Но Ковен, разрешивший Мартану позволить последнему из Оборотней вспомнить о своей сущности, надменно отмалчивался. Потому что они ничего не могли поделать. Просто не успевали. Живые библиотеки Оборотней гибли вместе с замками. Потому что Хранители библиотек умирали сразу же, как только разрушалась защита. А победителям доставались трупы…
А если бы Мартан знал, чему и как учить — несчастье с его дочерью Эммой могло не случиться?..
Э, нет, Оборотень! Не выйдет! Можно винить свою неумелость и самоуверенность, упрямство Мартана и отсутствие нужных знаний… Но Эмма осталась калекой по моей вине.
И в любом случае, я уяснил, что хирургия человеческой сути — процесс тонкий и требующий изрядной концентрации. То есть абсолютно не подходящий для моего нынешнего состояния. Гергор принудительно выветрил алкоголь из моей головы, но переутомление никуда не делось.

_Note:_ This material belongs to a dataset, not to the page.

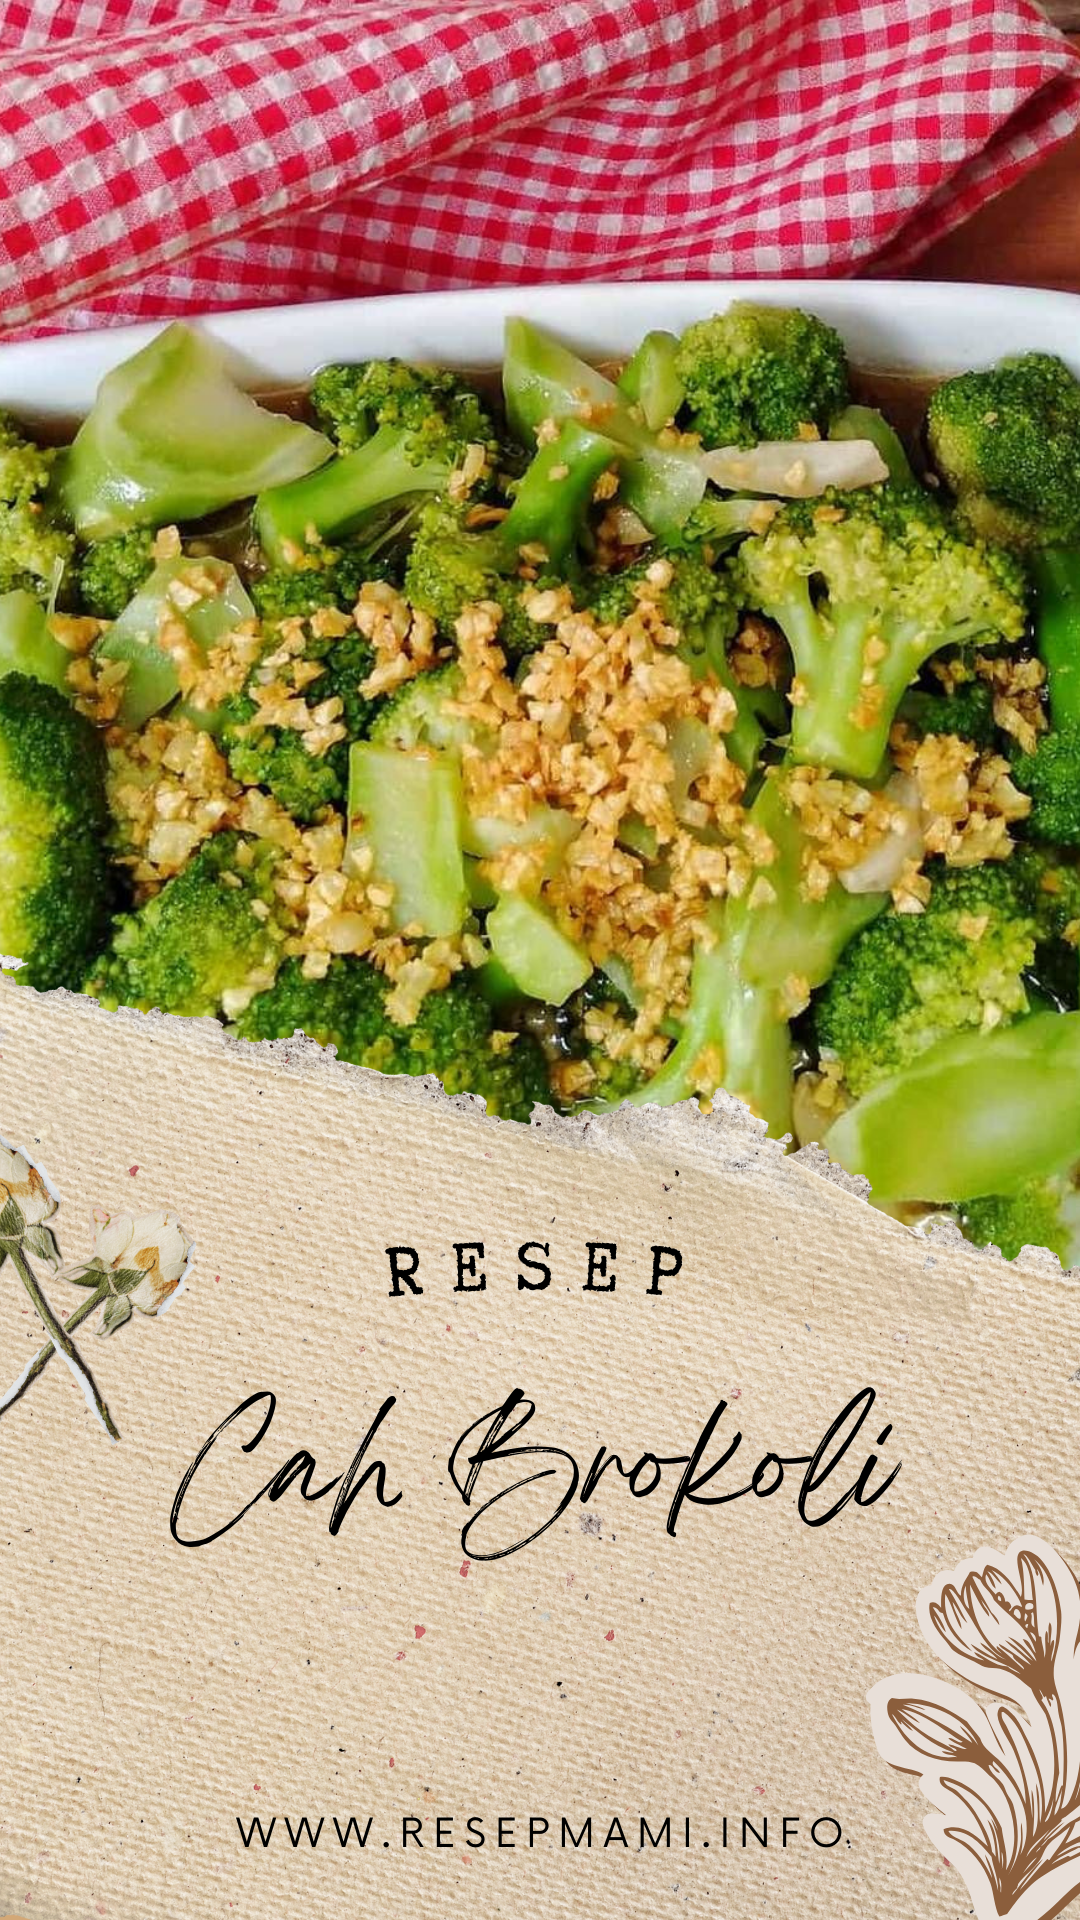 Resep cah brokoli
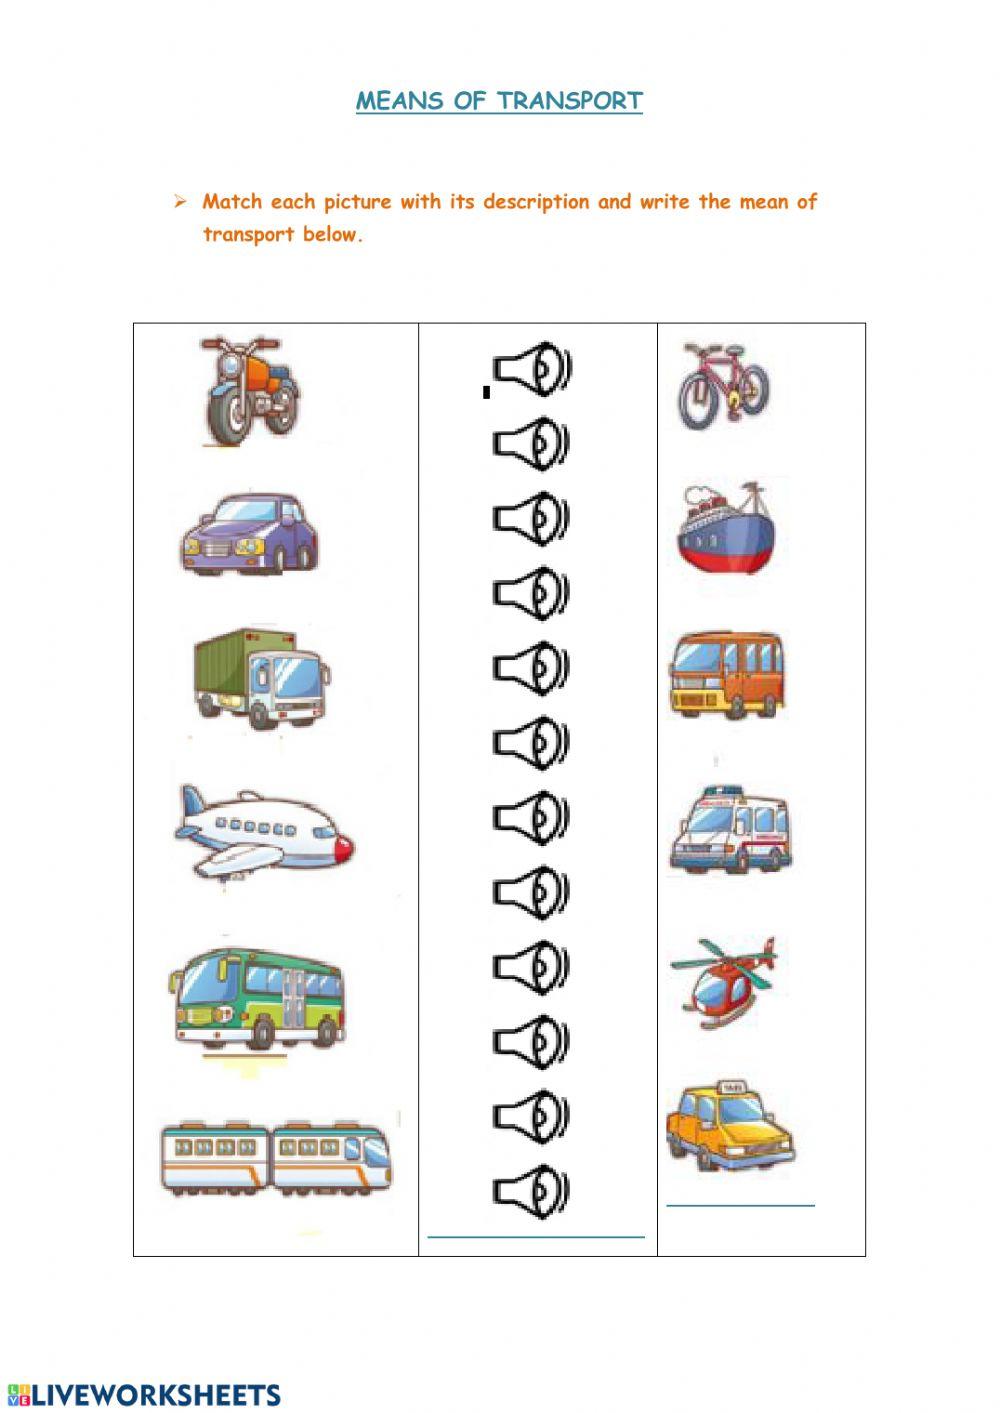 Liveworksheets-Means of transport

Не знаю только, почему подсознание выбрало настолько брутальную форму. Чужая память — как плетение пульсирующих жил со вросшими разноцветными кольцами и крюками. Стоит потянуть, как плоть вздрагивает и сочится сукровицей. Слишком много времени Аланда провела на острове, впечатления о жизни здесь успели слиться со структурой ее сознания.
Это всего лишь иллюзия, — твердо сказал я себе, сосредотачиваясь.
Где-то за гранью слышимости судорожно вздохнул и ринулся прочь впечатлительный Гергор.
…Капли разбивались о камни, распускаясь на мгновения прозрачными лепестками. Над головой изредка полыхали беззвучные белые зарницы. Облокотившись о перила выходящей во двор галереи, я раскрыл ладони, ловя горстями дождь. Бесцветная вода стекала по пальцам, а мне все время мерещилось, что она окрашена красным.
Далеко внизу двор пересекла, перебирая коленчатыми конечностями и поблескивая мокрыми боками, карета, смахивающая на раздутого паука на тонких ножках. Ставить ее на колеса в такое ненастье было опасно. В брюхе этого паука дремала женщина, сейчас вряд ли осознающая, что с ней случилось. Карета довезет ее до причала, откуда садовницу заберет плот и переправит на большую землю.